Telemetry hardened against flaky rosapi discovery: /rosapi/topics times
out on this setup, which left type=webcam_only and no pose. Now when
discovery returns empty, trust the type roborun connect saved and
subscribe to the standard topics blind (a subscribe to a not-yet-seen
topic is harmless and flows when it appears).
Answering 'I don't want the drone — give me something else even though ROS
is connected', and making the cockpit a complete shell:

- SOURCE picker: every robot/sim this runtime can reach in one menu — the
  connected robot (live), the browser sim arena, and any rosbridge found on
  the LAN. Pick the sim and the page pins to it (localStorage) without
  disconnecting the robot; a chip offers the way back. Multiple ROS robots
  just appear.
- the policy editor is syntax-highlighted now (a colored <pre> underlay
  behind a transparent textarea — keywords, defs, strings, decorators,
  comments, numbers) instead of plain white-on-black.
- TIMELINE panel (bottom-left, mirroring the tactical map) streams the
  robot's decisions and sightings with timestamps and source-colored dots —
  the same stream+map→timeline surface the sim arena has, so the experience
  is consistent whatever the source is.
- DECK link moves into the top bar.

The cockpit shell — camera stream (hero), tactical map (objects, moving vs
stationary, range rings), timeline, policy — is now one consistent UX; what
fills it is the source.
…urce

Pablo's vision: the sim IS the robot's visual view — what the camera would
see — so there should be one view, not a game UI and a robot UI. The stream,
point map, and timeline are all derived from inputs (camera, cloud, pose)
that both a sim and a ROS robot provide.

The cockpit is now the universal shell, generalized to enterCockpit(src):
- src=robot: the stream is the robot camera (frame-polled); map + telemetry
  from the ROS endpoints.
- src=sim: the stream IS the 3D arena render (POV camera, full-screen behind
  the chrome); telemetry from the sim body; the tactical map from the sim's
  world-located sightings + trail; DEPLOY/HOLD run the same policy through
  the game's path; a LEVELS button (sim-only) picks robot + task.

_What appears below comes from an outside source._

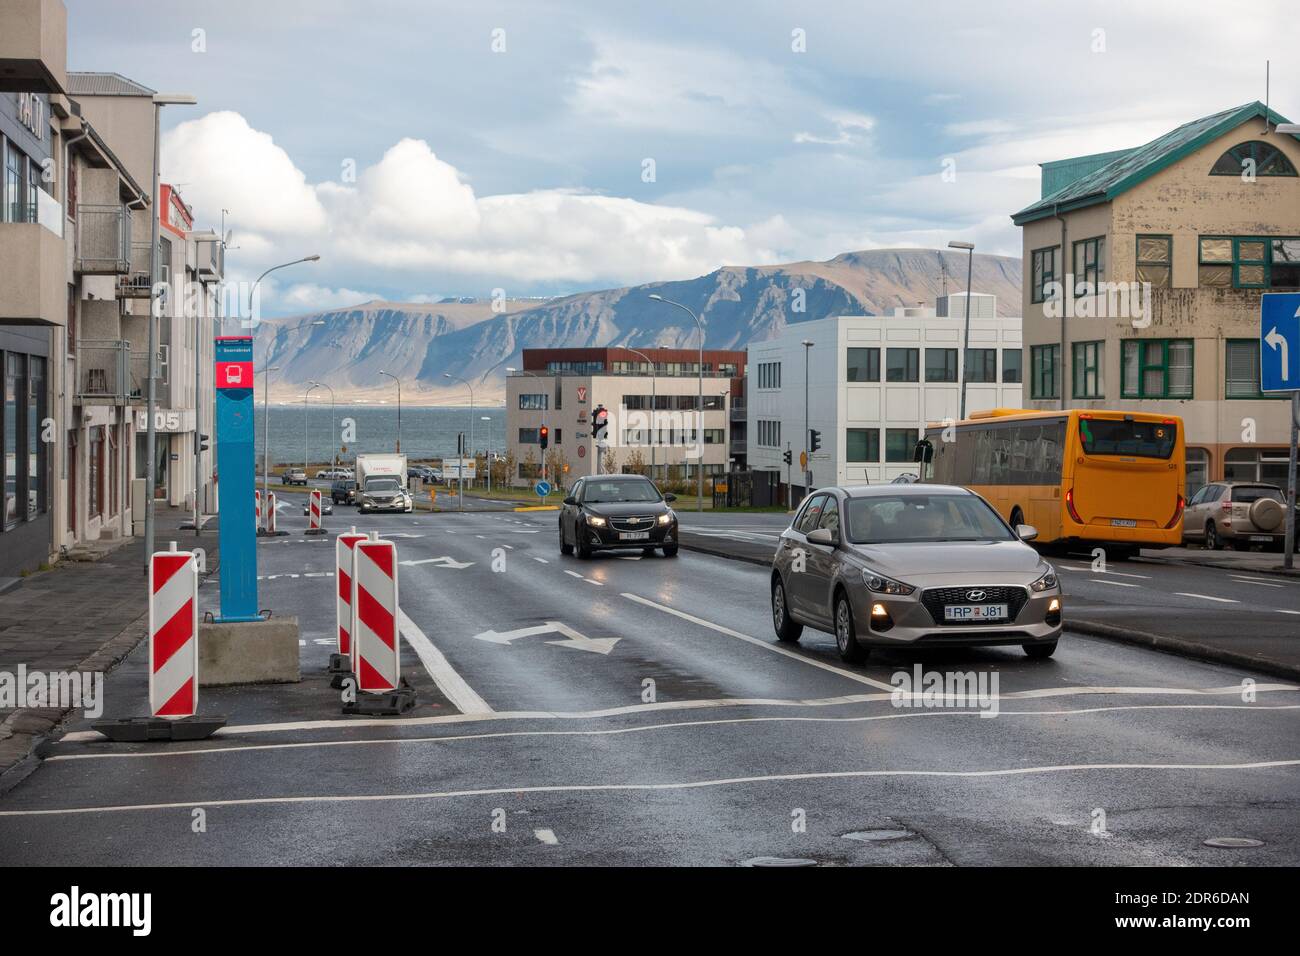 Snorrabraut  Street In Reykjavík With Videy Island In The Background Public Bus And Private Cars, The Ocean In Kollafjordur Bay Stock Photo

Both render the same HUD, tactical map (objects, range rings, moving vs
stationary), timeline (decisions + sightings), and policy editor — only the
source behind them changes. The game's panel-salad layout and the auto-splash
are retired; LEVELS reopens the picker on demand. body.cockpit + .src-robot/
.src-sim gate the source-specific bits.
…m view

Three issues from using it live:

1. The sim's timeline showed 'frame … · person' — the connected drone's
   camera events. The sim cockpit was reading the shared server event log.
   The sim now keeps its OWN client-side log (simLog): YOLO sightings and
   policy decisions from its own perception, never the server's. The
   tactical map likewise builds objects from the sim's client raycast
   detections (currentDets), not the contaminated server sightings.

2. The sim 'rotated like an idiot' — POV put you inside the dog's head as
   its policy turned. The sim hero is now the chase camera: a stable
   3rd-person view of the robot in its world.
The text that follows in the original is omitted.